Thank you....I enjoy this forum, not much bashing at all....I'm a firearms dealer also, those forums are brutal and I don't partake in them. I love this site.


----------



## Freestep (May 1, 2011)

Jmoore728 said:


> ......Does having a showline GSD make it less of a GSD than a working line?


No one said that. It just sounded weird that you said "I'm not concerned about there being showlines" ...as though showlines are something one should be concerned about?



dawnandjr said:


> Link to the pup in the database:
> 
> Bane Vom Haus Berg
> 
> Working line dogs in the pedigree. And I know some are East German lines, but not sure if West German as well. Could be they are just East lines.


You're absolutely right, there are some workin' dawgs in there! Shows you how well I know kennel names, I couldn't tell showline from working line without seeing photos of the dogs and longer pedigrees. 



> I find this dog in the pedigree very interesting for the color:
> 
> KESSY vom Trompetersprung


 There's a discussion going on in another group about black pigment and fading saddles. This is a perfect example of what we are talking about. Off topic, but can anyone speculate where this came from? It seems very common in WGSL, especially in females.


----------



## Jmoore728 (Oct 17, 2013)

Freestep said:


> No one said that. It just sounded weird that you said "I'm not concerned about there being showlines" ...as though showlines are something one should be concerned about?
> 
> 
> 
> ...


Kessy pigment is different... I like the look, I just have never seen one like it....
I couldn't tell the difference between a WL or SL either.....I'm still trying to learn everything I can and this forum has been the most help of anything....a lot of classy, down to earth, respectful people.....Makes it much better on pups as myself


----------



## Liesje (Mar 4, 2007)

Freestep said:


> There's a discussion going on in another group about black pigment and fading saddles. This is a perfect example of what we are talking about. Off topic, but can anyone speculate where this came from?

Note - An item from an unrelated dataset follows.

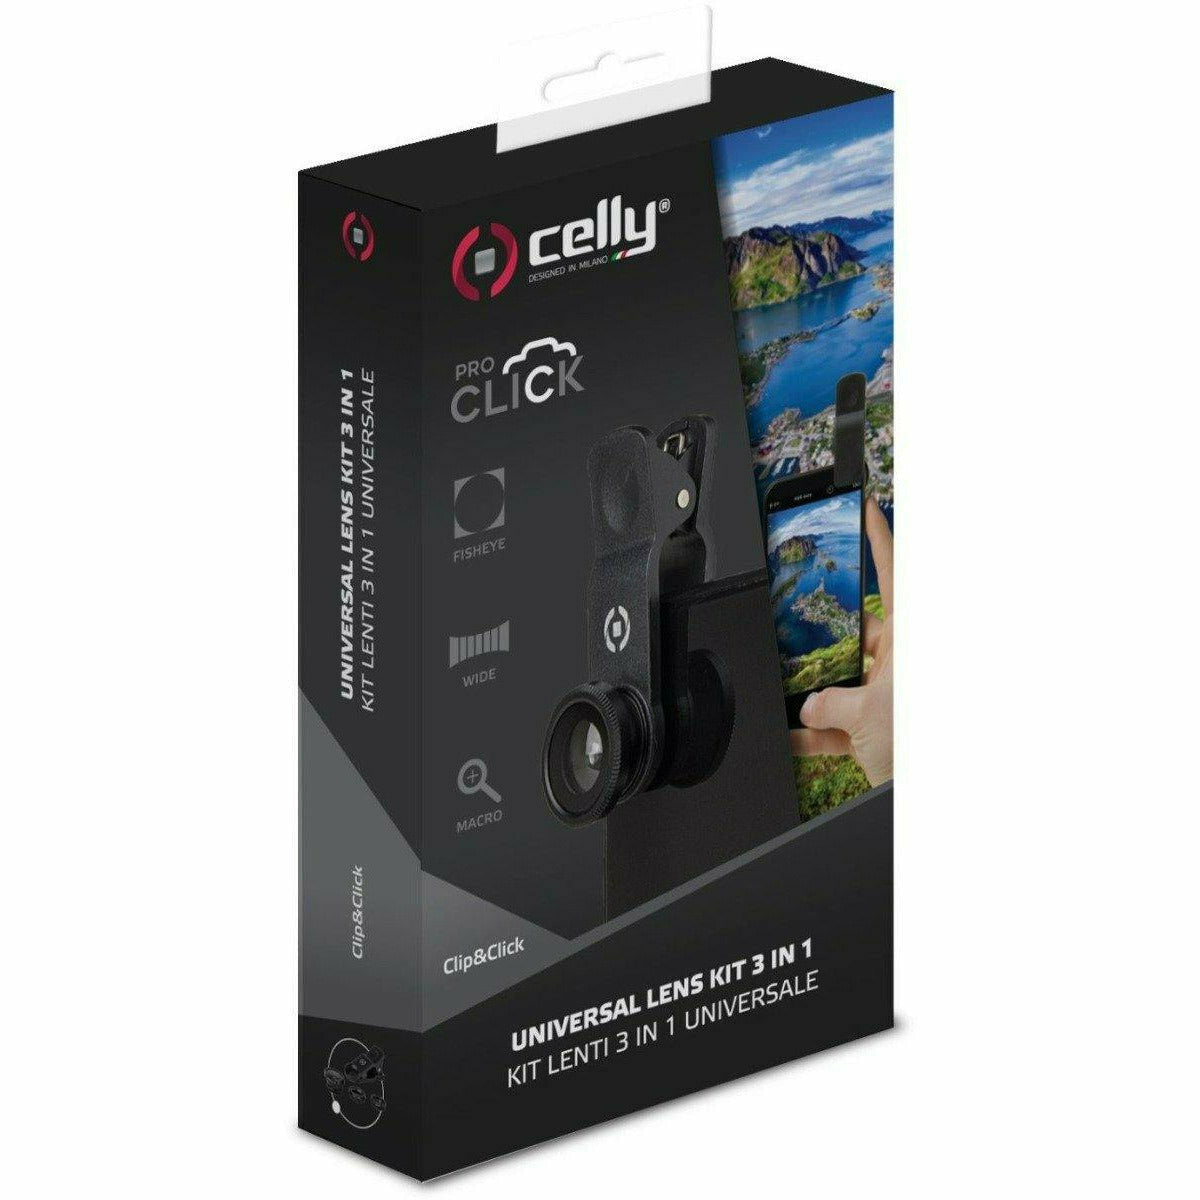 Celly Clip & Click 3-in-1 Lens Kit - Dragon Image

It seems very common in WGSL, especially in females.


Looking at the pedigree on PDB....see several dogs with faded saddles or bitch stripes, and you can bet that most of these photos are, uh, optimized for black and red so it might be more pronounced in person or on a dog that doesn't have a professional photo used.


----------



## cliffson1 (Sep 2, 2006)

Smh....Chile is not Showline ....so can't be all SL pedigree.


----------